How to complete this task ->
Given the records below, the lines starting at the line with "Passing Storm, Banff" and ending at the line with "Coat hanger with icon" should be output exactly, both end lines kept and pictures left out.

Supplied data ->
----------

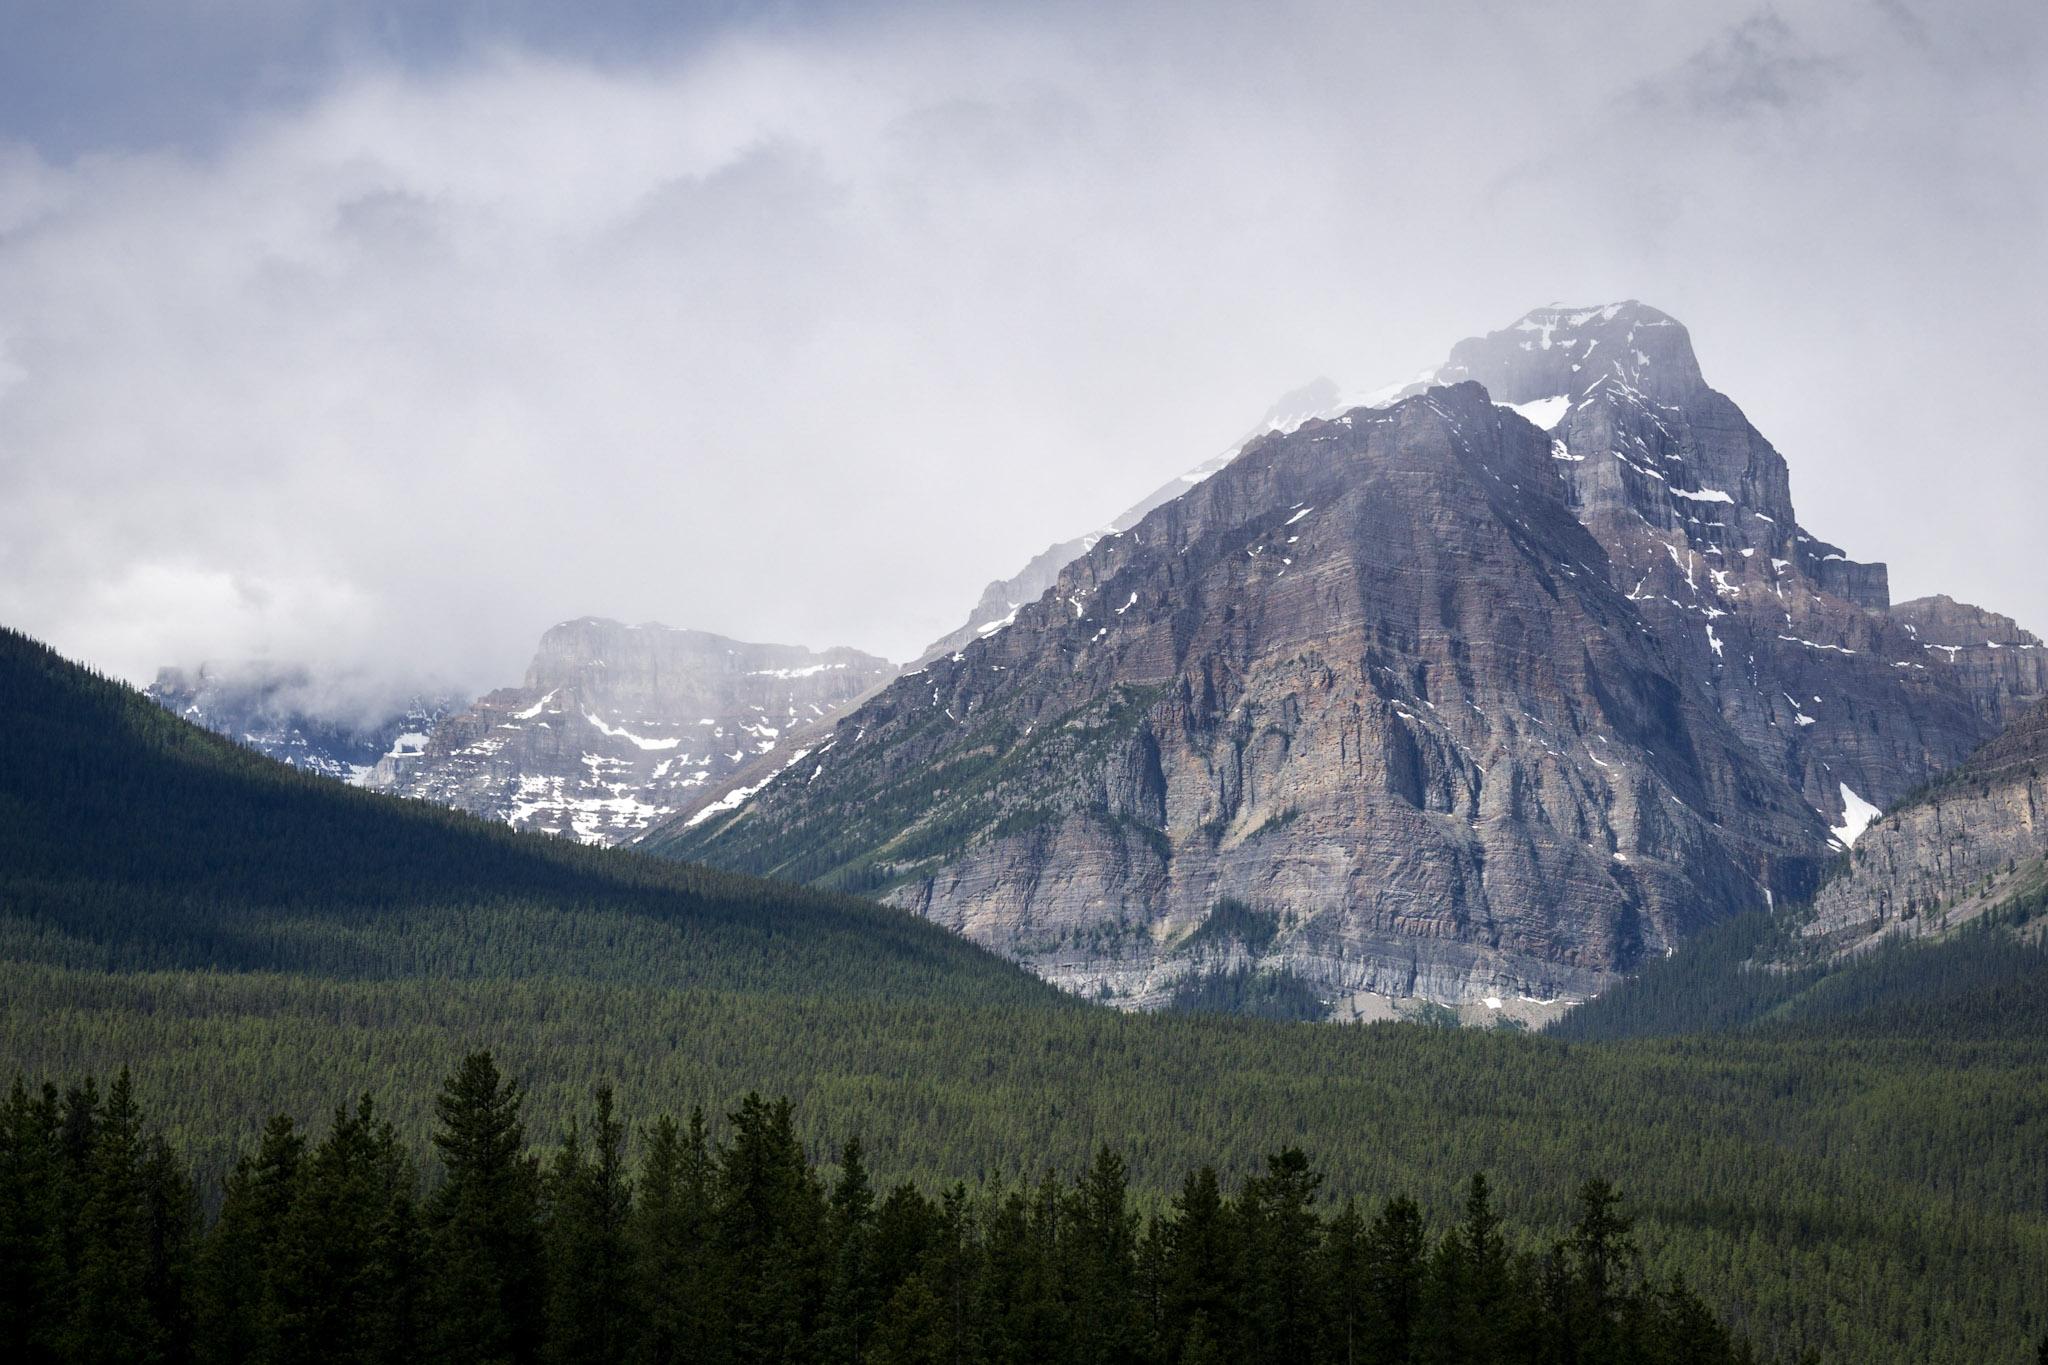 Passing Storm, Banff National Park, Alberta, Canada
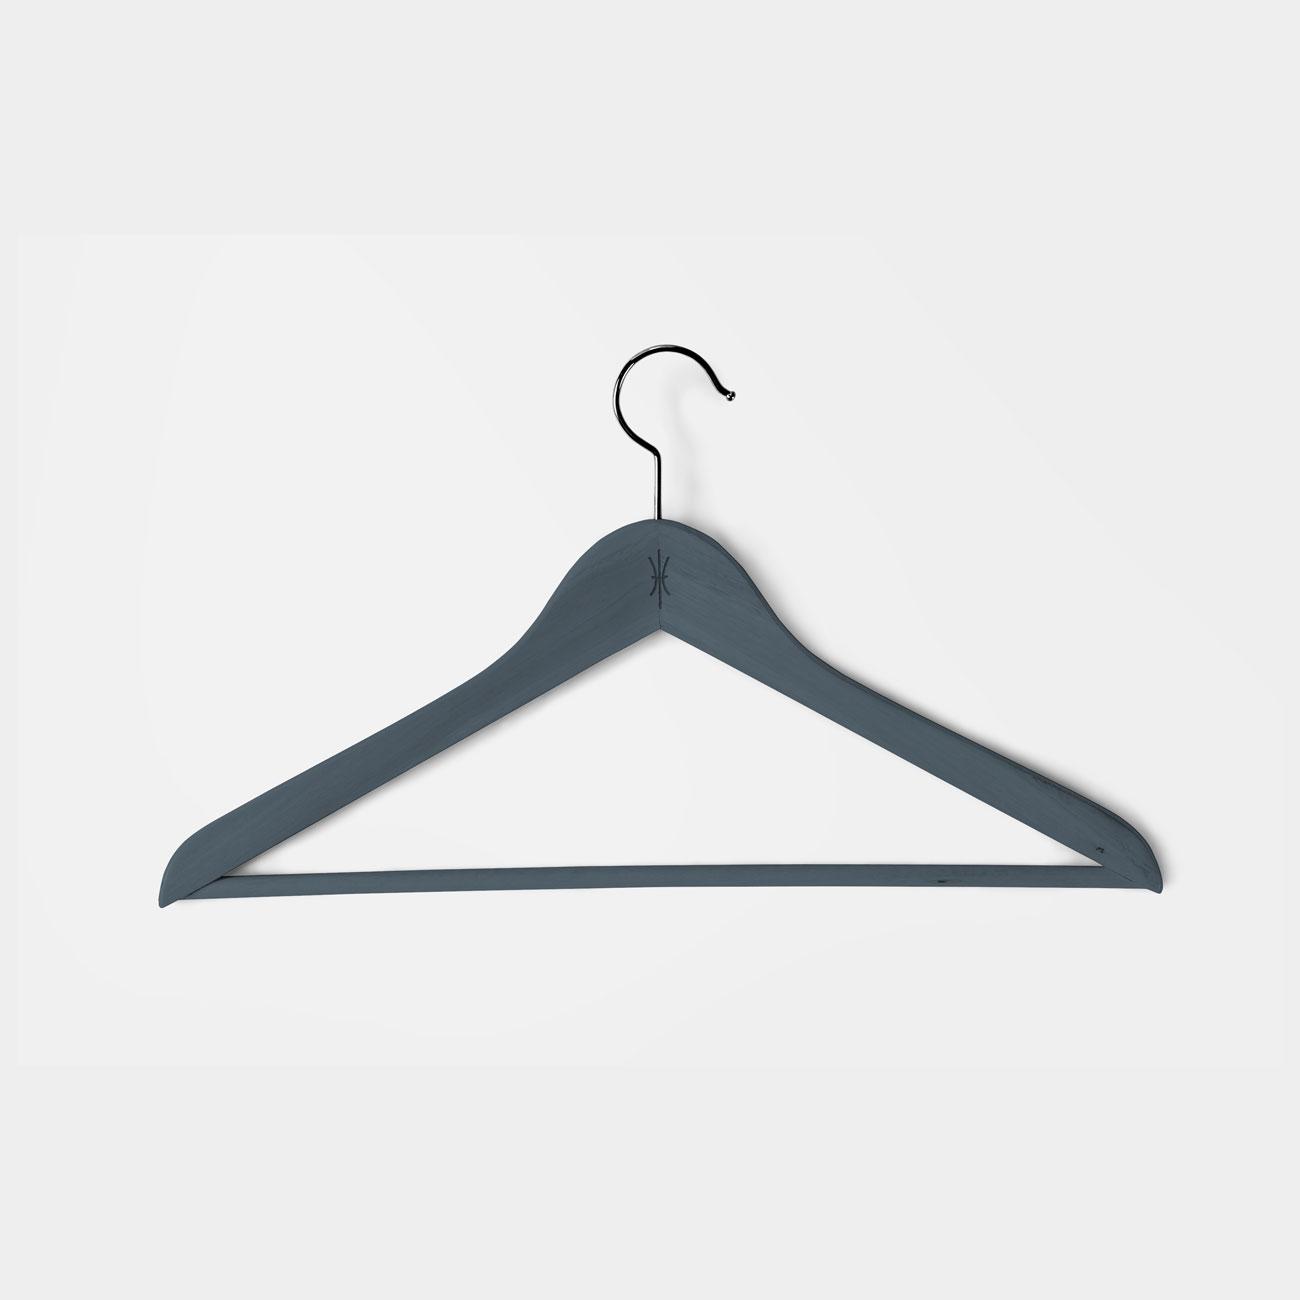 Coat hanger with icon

----------

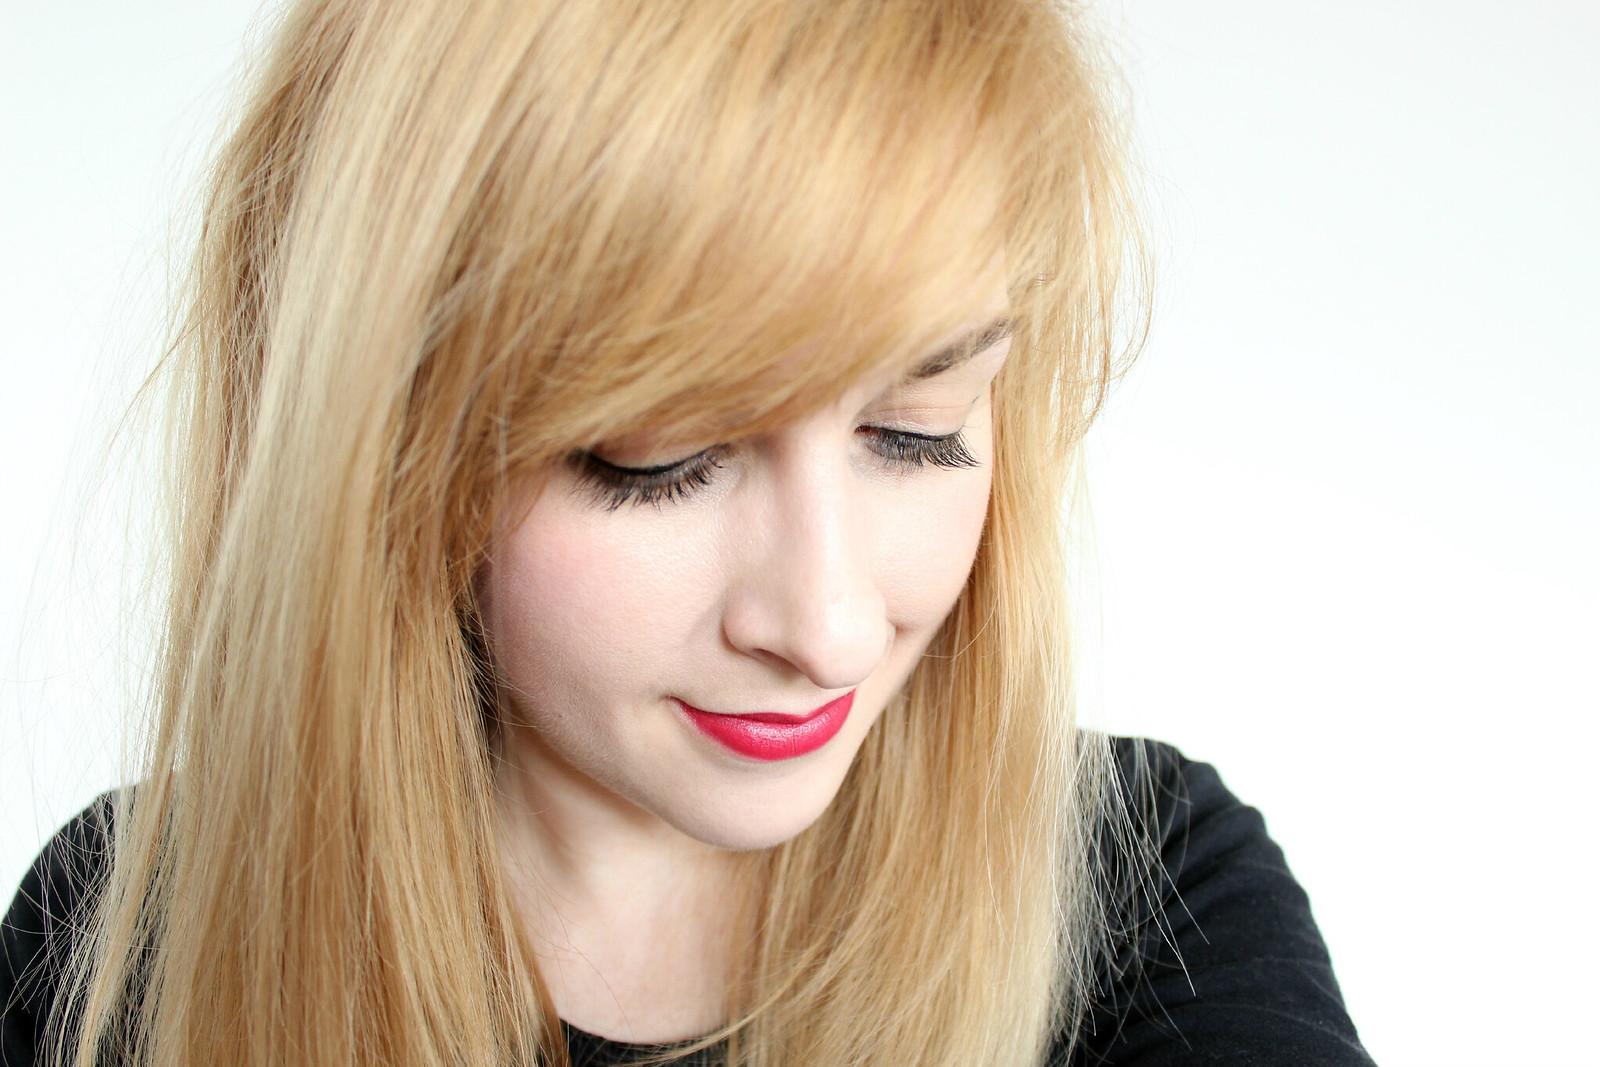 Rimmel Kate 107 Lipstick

----------

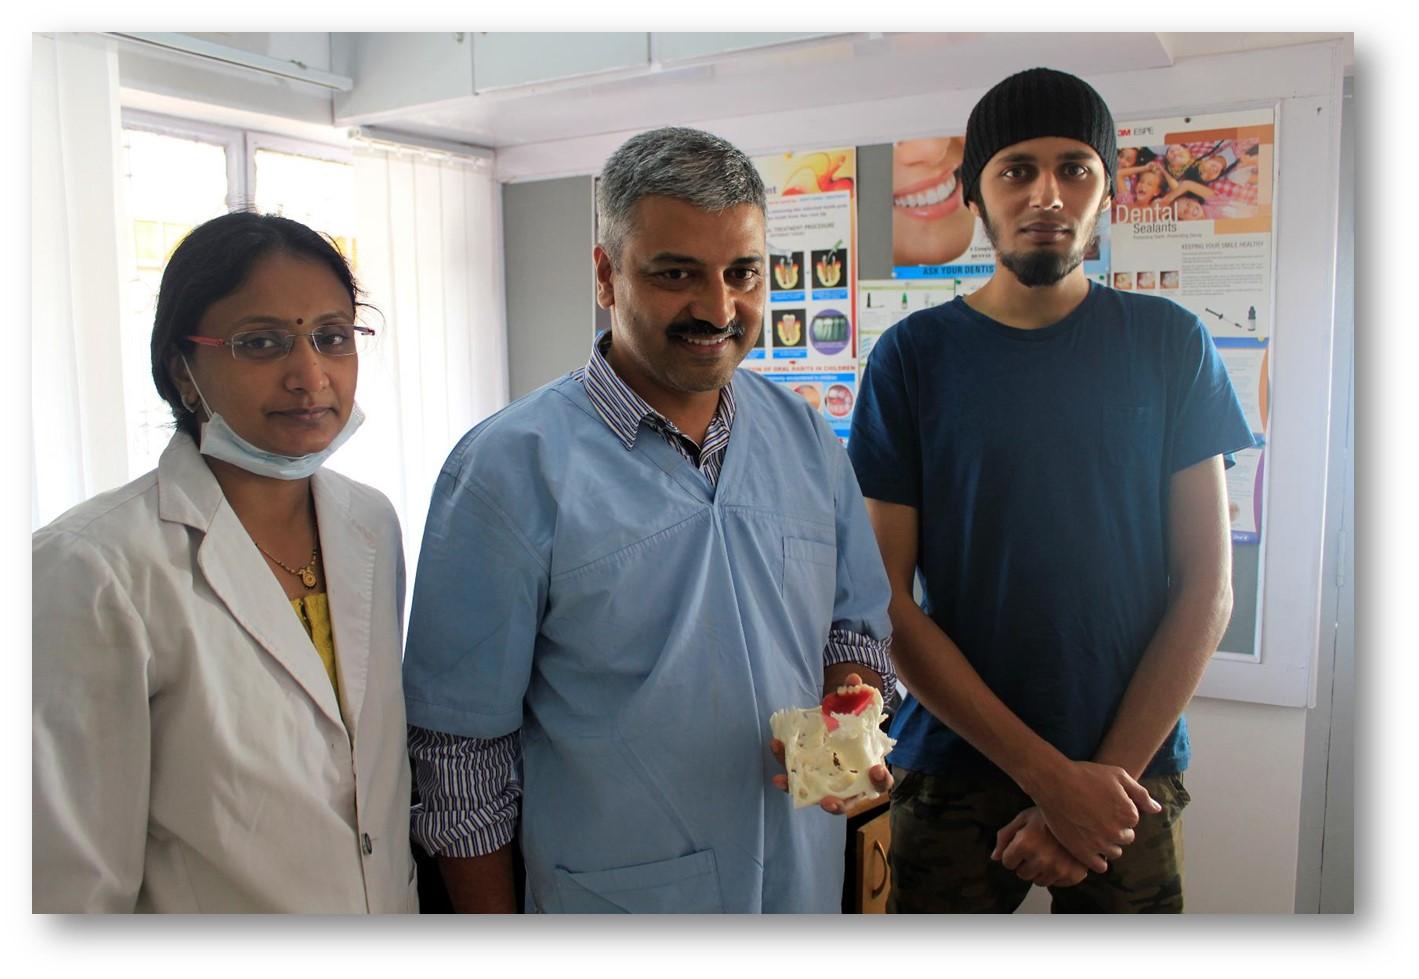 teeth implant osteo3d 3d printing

----------

Exercise answer ->
 Passing Storm, Banff National Park, Alberta, Canada
 Coat hanger with icon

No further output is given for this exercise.